| WHAT IS REQUIRED |
Could you copy the data that follows exactly as written, but drop the pictures?

***** INPUT DATA *****

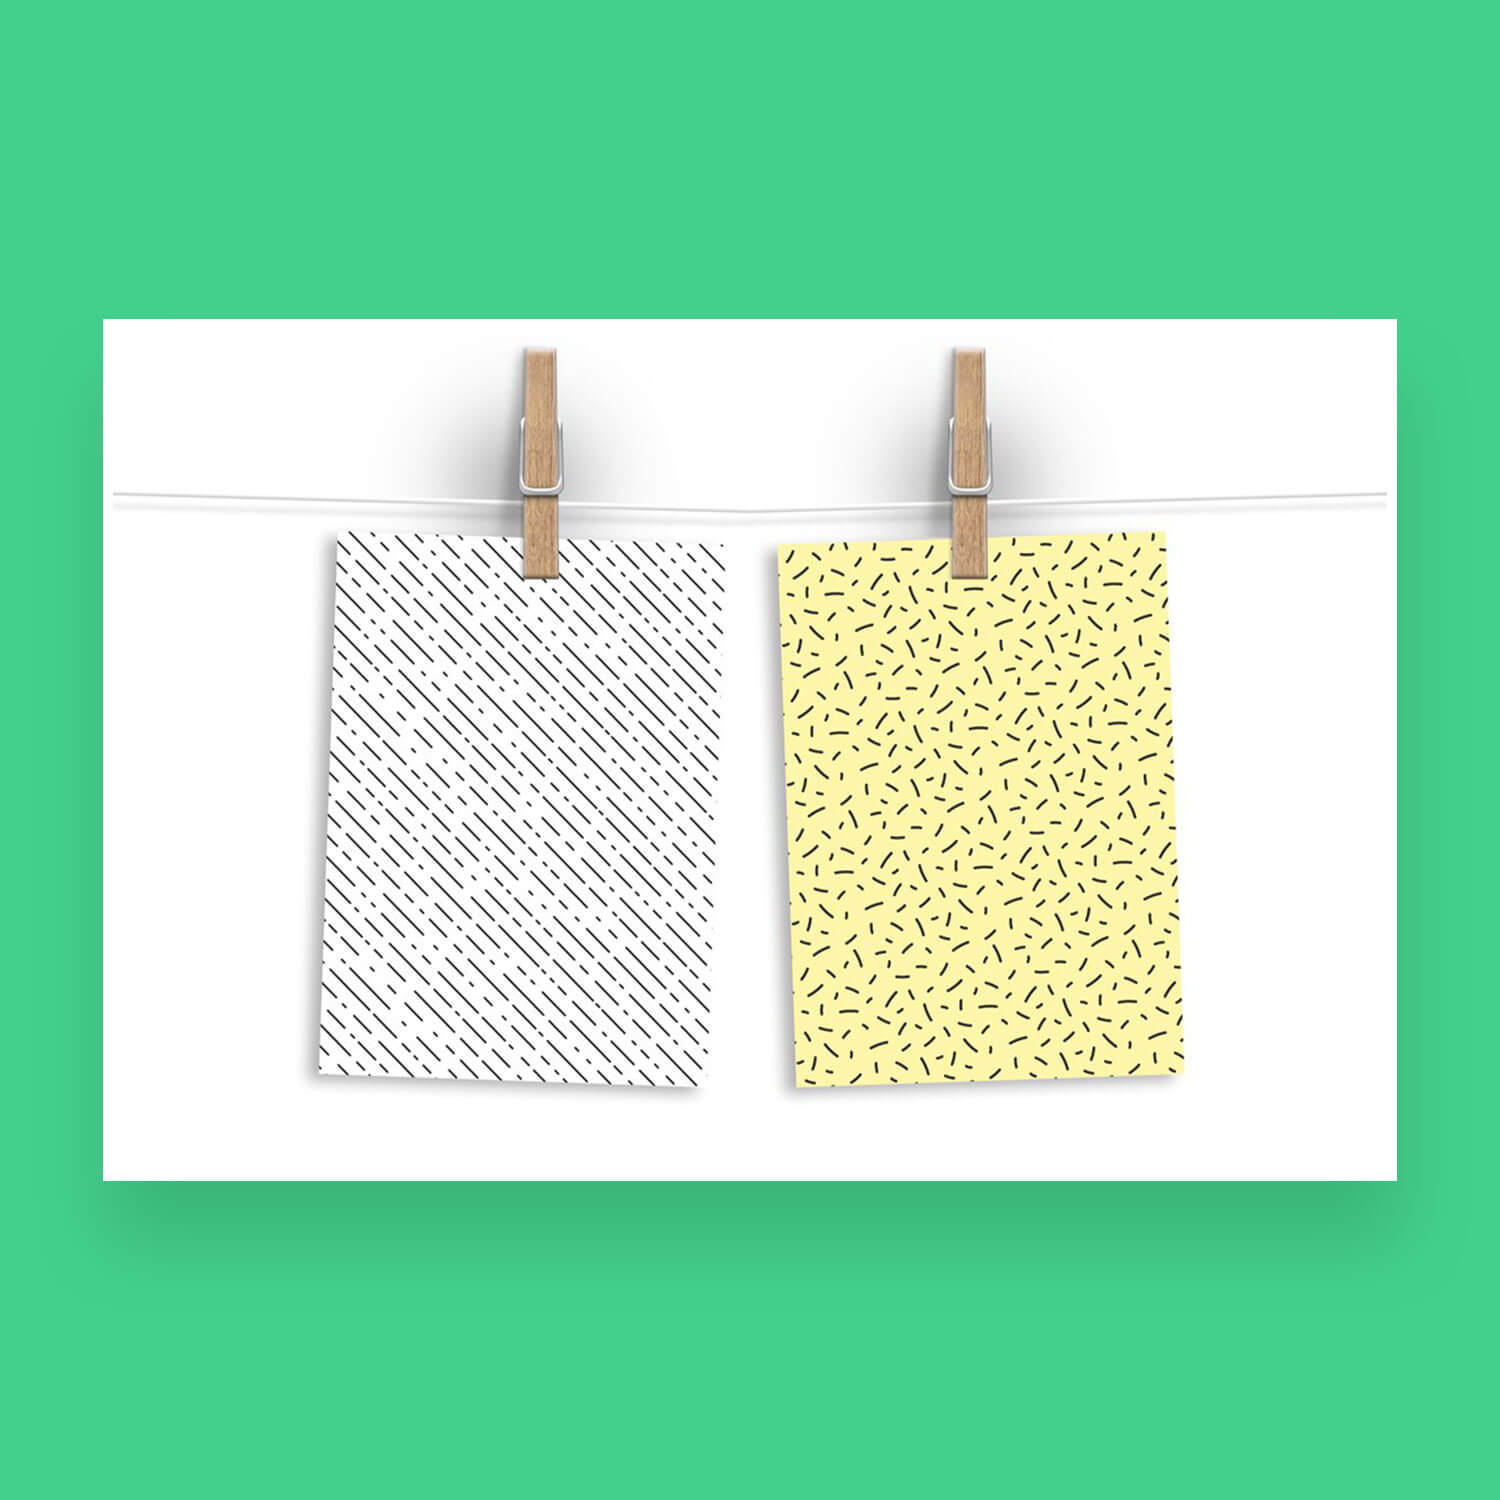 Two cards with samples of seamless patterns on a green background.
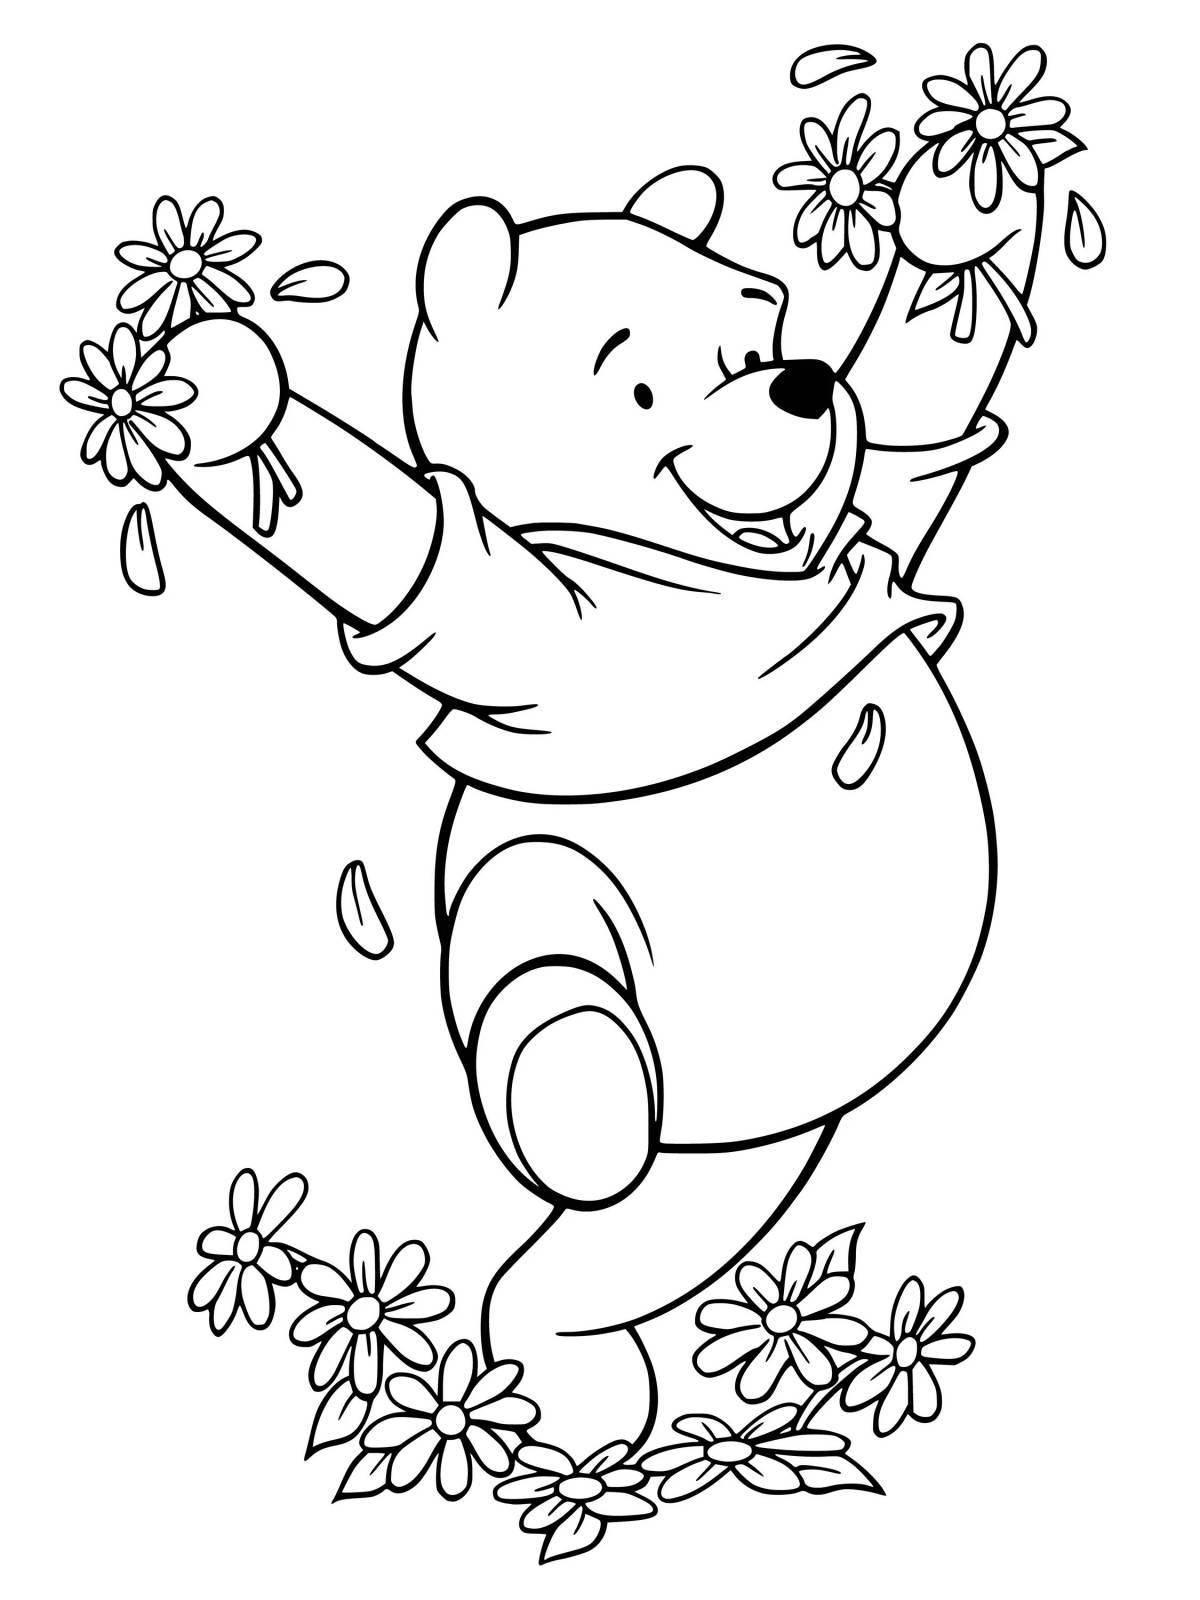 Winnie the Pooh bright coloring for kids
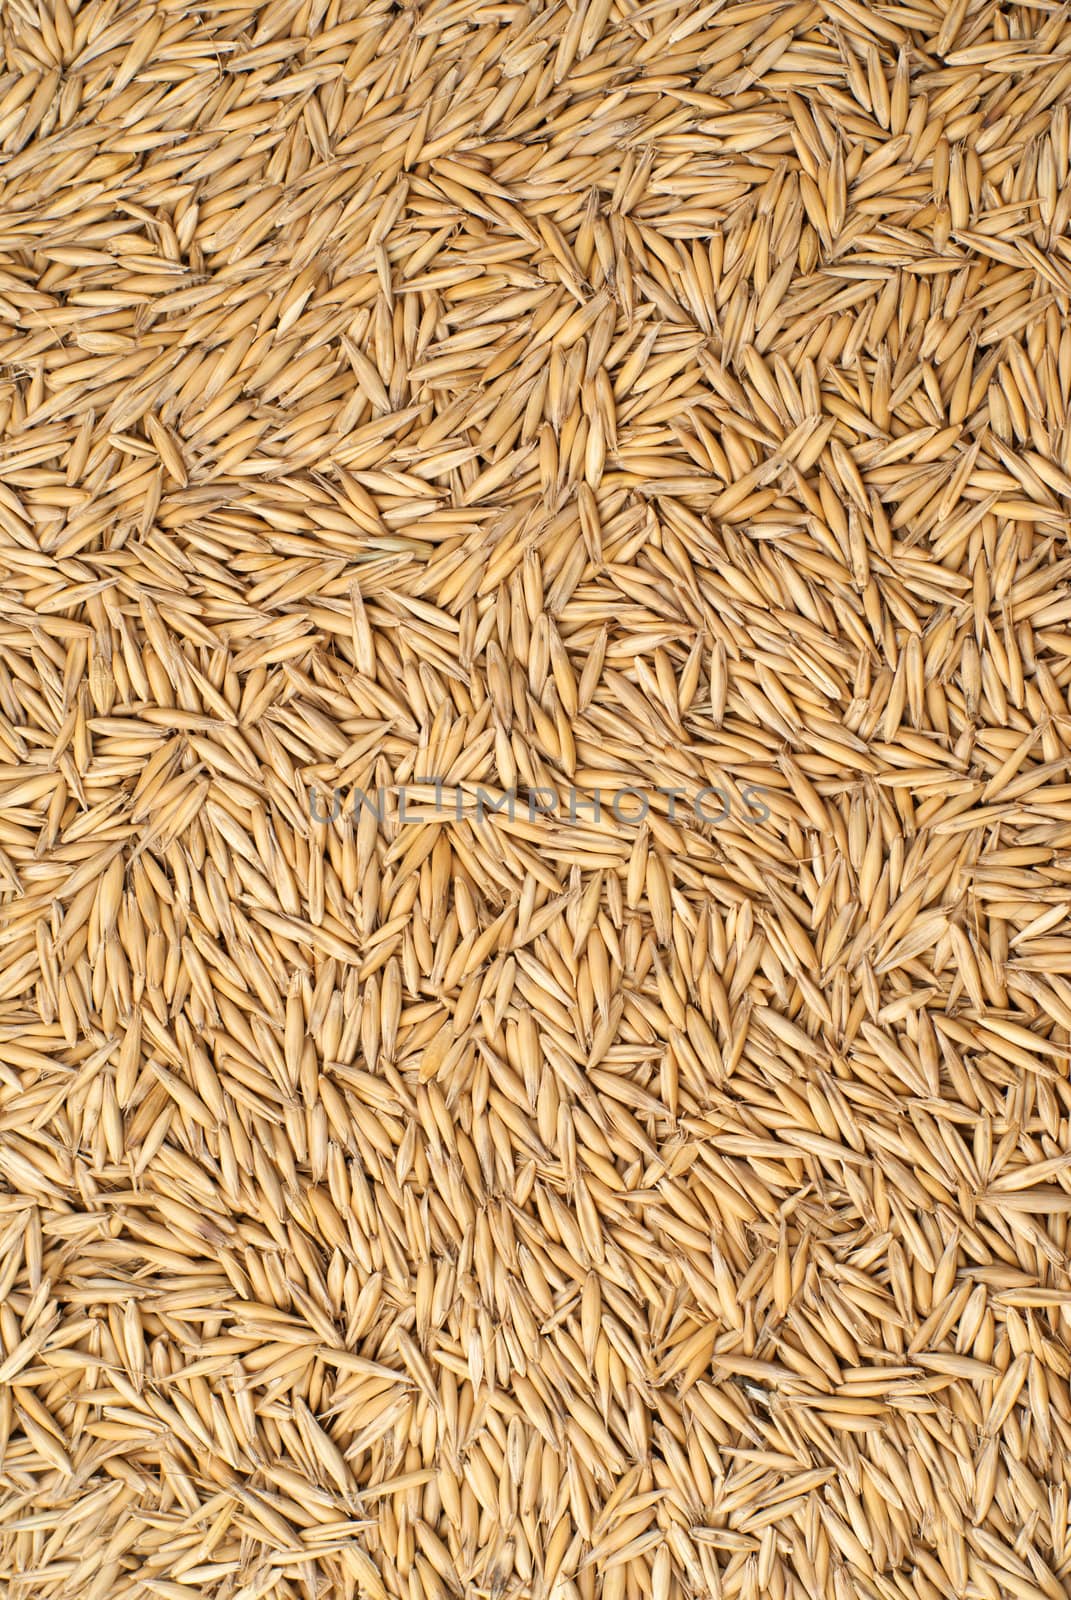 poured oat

*****

| OUTPUT |
 Two cards with samples of seamless patterns on a green background.
 Winnie the Pooh bright coloring for kids
 poured oat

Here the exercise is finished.